Dime, ¿a ti no se te ocurre dónde pueda haberse ido Fátima?

-No. Ya te dije que yo no hablaba con ella desde hacía meses.

No nos relacionábamos mucho.

-Ni tú ni nadie.

He vuelto a hablar con todas sus amigas.

Ninguna sabe nada. No salía con nadie.

Mi hija era una solitaria.

Se había encerrado en su mundo.

La culpa es mía.

Yo tendría que haber estado más pendiente de ella

y no haber dejado que se fuera aislando de sus amigos,

de mí, de todos.

-Sole... (SUSPIRA)

Tú no tienes la culpa.

Los adolescentes nunca se lo ponemos fácil a nuestros padres.

-Nunca me imaginé que pudiera pasarme algo así.

Hasta hace nada, ella me lo contaba todo.

-Mira, una persona muy sabia me ha dicho

que no debemos lamentarnos del pasado ni intentar predecir el futuro.

No podemos controlarlo todo, Sole.

Y menos a una adolescente.

(Móvil)

(SUSPIRA)

-Es tu madre.

Dime, Claudia, ¿la han encontrado?

Ya, paciencia.

Sí, siempre paciencia.

¿Cómo que mi exmarido ha llegado?

Ah, vale, vale, sí. Ahora mismo voy a comisaría.

Sí. Hasta ahora.

El padre de Fátima está en comisaría.

-¿Y tú cómo estás?

-Desearía no tener que verle.

-Bueno, si hay algo que yo pueda hacer...

-Gracias, muchas gracias.

Eres muy buena niña.

-Hace un año vivo en Arizona.

En una ciudad pequeña, Scottsdale.

Ahí trabajo de informático. Ah.

¿Conoces los Estados Unidos?

Pues no, la verdad es que no.

Hay mucha movilidad laboral.

Si te ofrecen un buen contrato, coges los bártulos...

y te mudas sin pensarlo.

Adelante.

Hola, Sole.

-¿Se sabe algo nuevo, Claudia?

Siéntate, por favor. Siéntate, Omar.

Bien...

Tenemos varias líneas de investigación abiertas.

Y la mitad de mis agentes están trabajando exclusivamente

en encontrar a vuestra hija.

Pero si os he convocado aquí a los dos

es porque quiero hablaros de una cosa un poco delicada.

¿Es que no lo veis? Se la ha llevado él.

¿Cómo puedo decirlo más claro?

Cálmate, por favor.

Desde que se fue a Estados Unidos,

no ha parado hasta que se la ha llevado.

Eso es lo que quería conseguir...

-Sabía que me echarías la culpa.

Sole, yo ya he interrogado a Omar.

Y no tenemos indicios de que esté involucrado

en la desaparición de Fátima.

La tienes escondida en América, ¿verdad?

Has esperado a que sea mayor de edad para llevártela.

Ese era tu plan desde el principio.

-¿Cómo puedes pensar eso de mí?

Te recuerdo que tu hija es mayor de edad

y podría irse a vivir con su padre si quisiera,

y nadie se lo podría impedir.

Se la ha llevado él.

-Me duele que puedas pensar eso.

Sabes muy bien que quiero a nuestra hija por encima de todo.

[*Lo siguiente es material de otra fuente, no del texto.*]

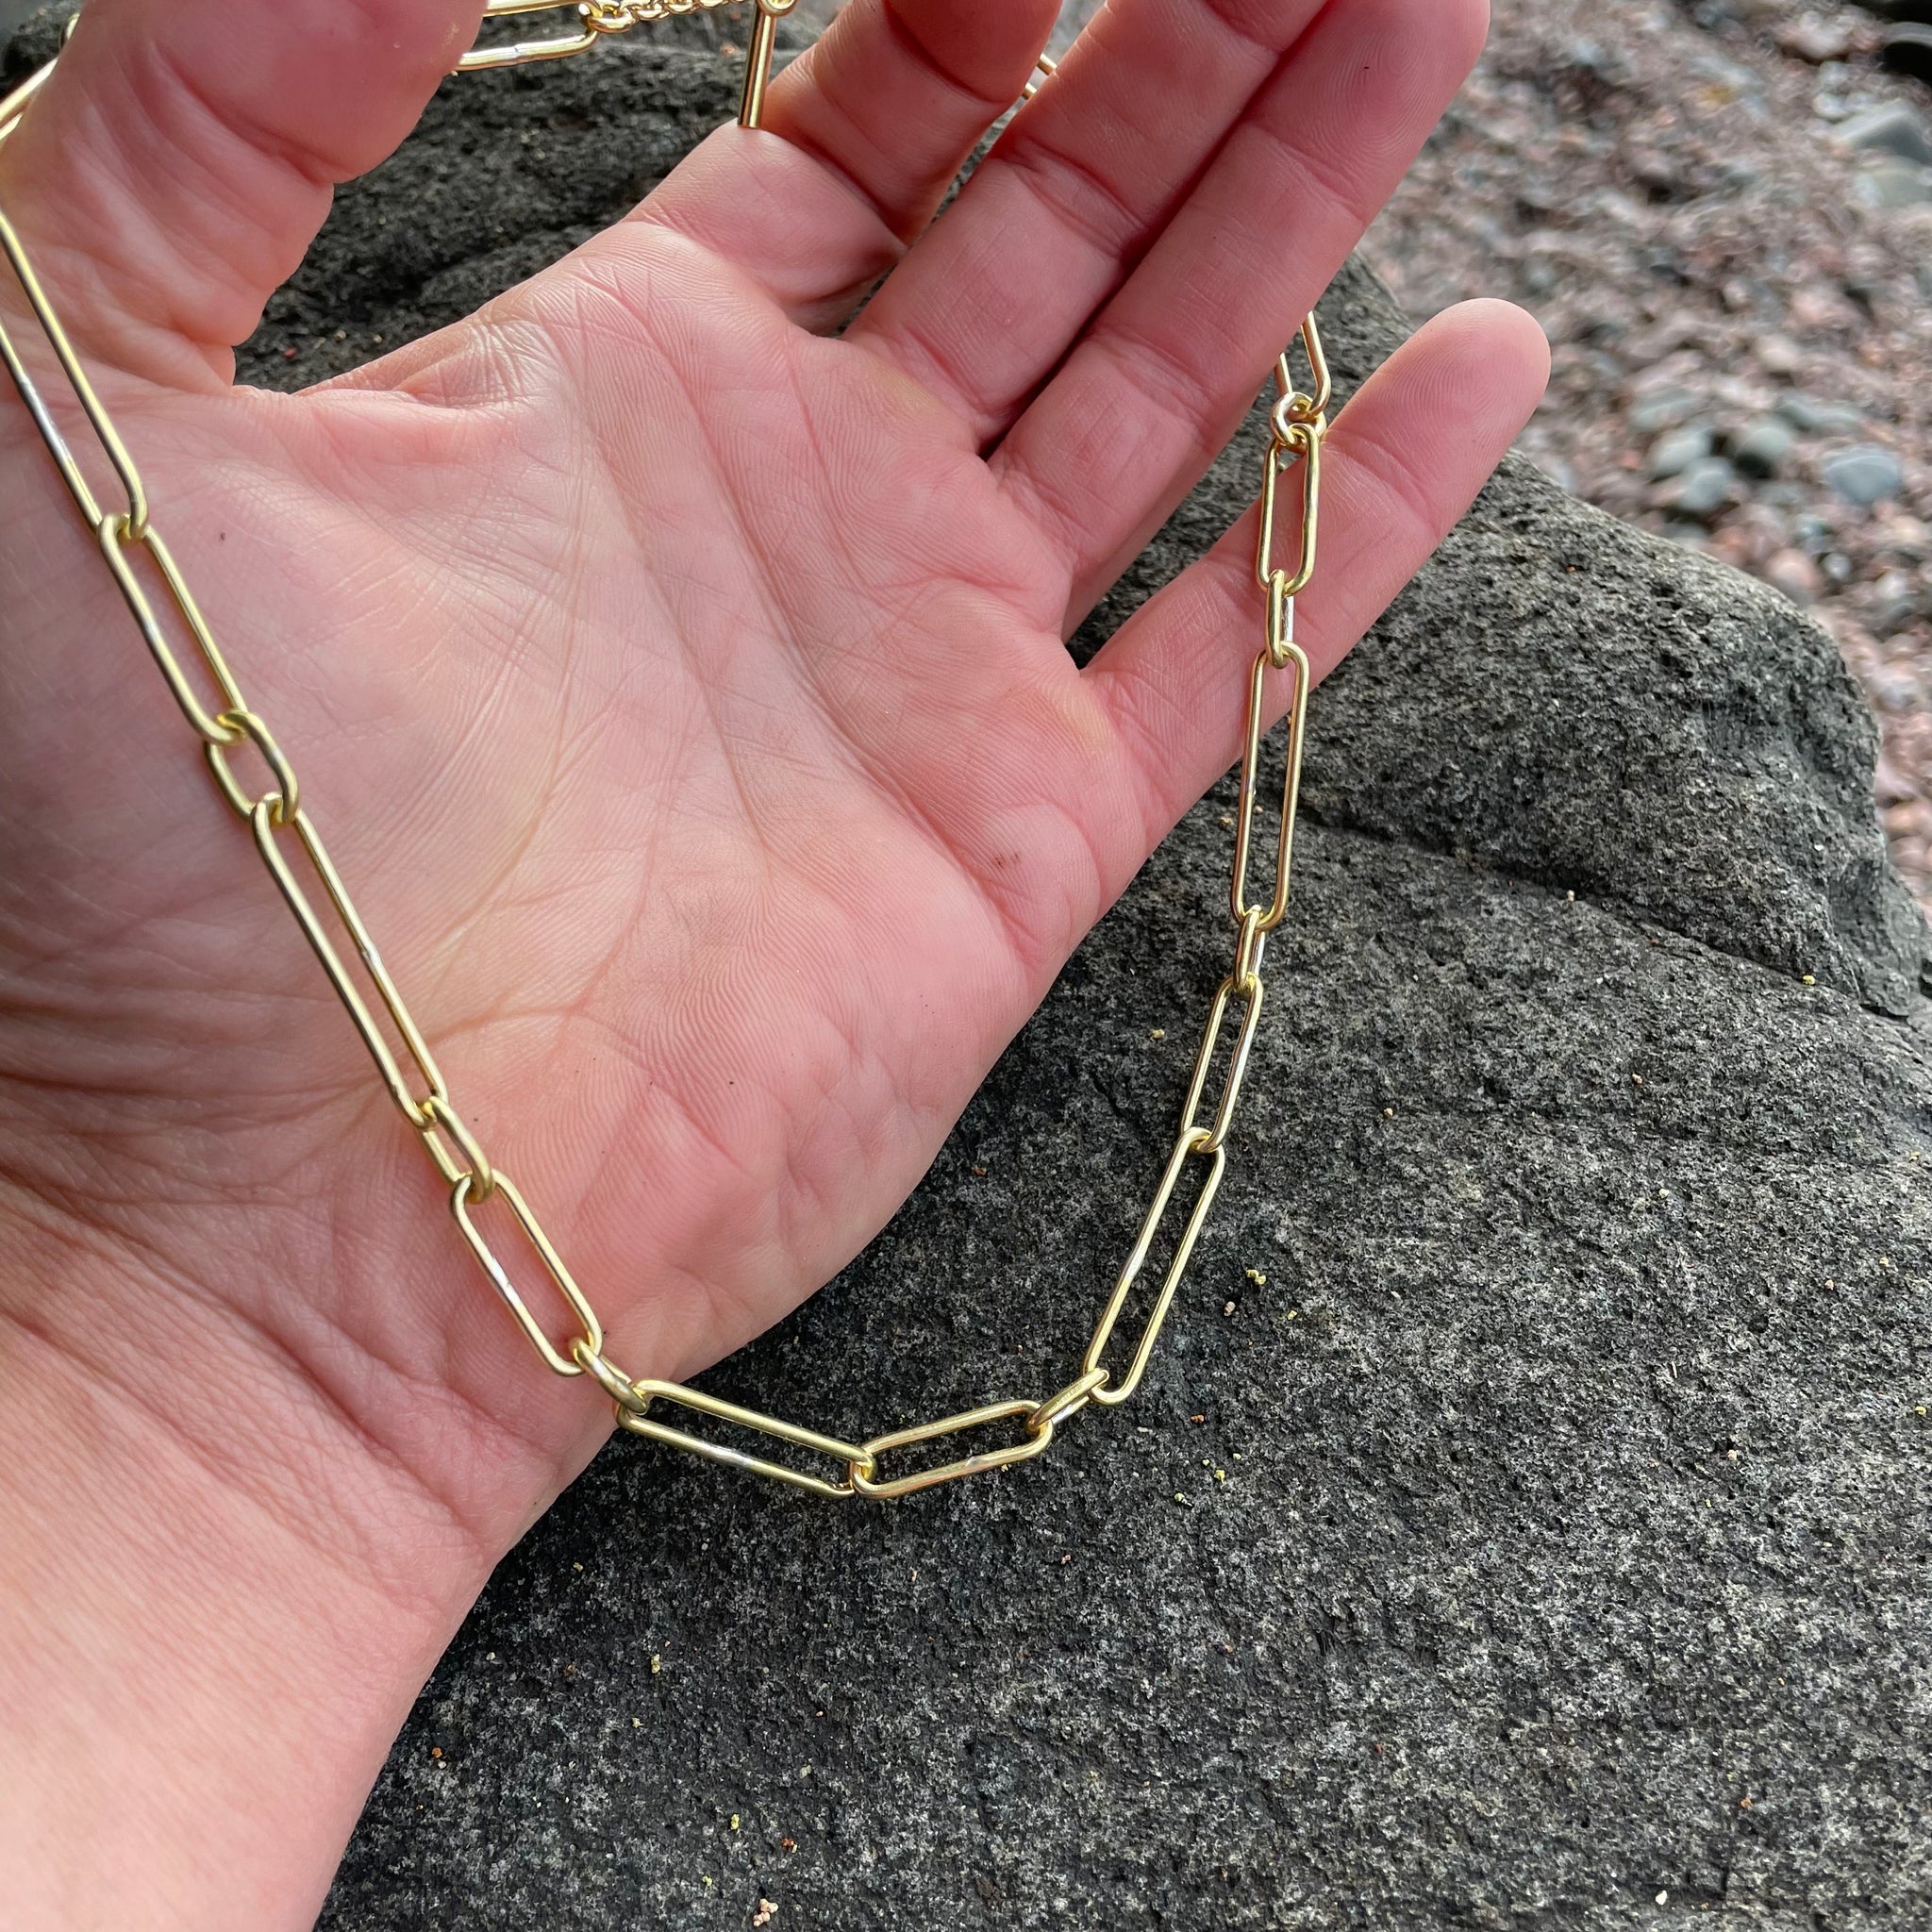 Loop Link Necklace in Brass by Mulxiply

Solo deseo lo mejor para ella.

Lo que está ocurriendo me está matando.

¿Es que no te das cuenta?

Estoy segura de que la desaparición no tiene nada que ver

con el deseo de vivir con uno o con otro.

Y desde luego, Omar no es ningún secuestrador.

Cruzar la frontera de Estados Unidos

sin que conste en el registro no es fácil.

Y Fátima no lo ha hecho.

Entonces, ¿qué crees que puede haber pasado con Fátima?

Hay indicios que nos hacen creer que Fátima se ha marchado

por propia voluntad, pero no a Estados Unidos.

Entonces, ¿adónde?

No lo sabemos, pero el hecho de que haya dejado

el teléfono en casa significa que no quiere ser encontrada.

No.

A Fátima se la han llevado.

Sole, tú misma nos dijiste

que la relación últimamente no era buena,

y tal vez la bofetada que le diste fue el detonante.

¿Le has pegado?

¿Y tienes el valor de echarme a mí la culpa?

-Qué fácil es dar lecciones de educación

cuando estás a miles de kilómetros de nosotras.

Basta de reproches, por favor.

Necesitáis estar más unidos que nunca

y no lo vais a conseguir enfrentándoos.

No era mi intención. Y tampoco era mi intención regañar.

Pero es que necesito avanzar en la investigación.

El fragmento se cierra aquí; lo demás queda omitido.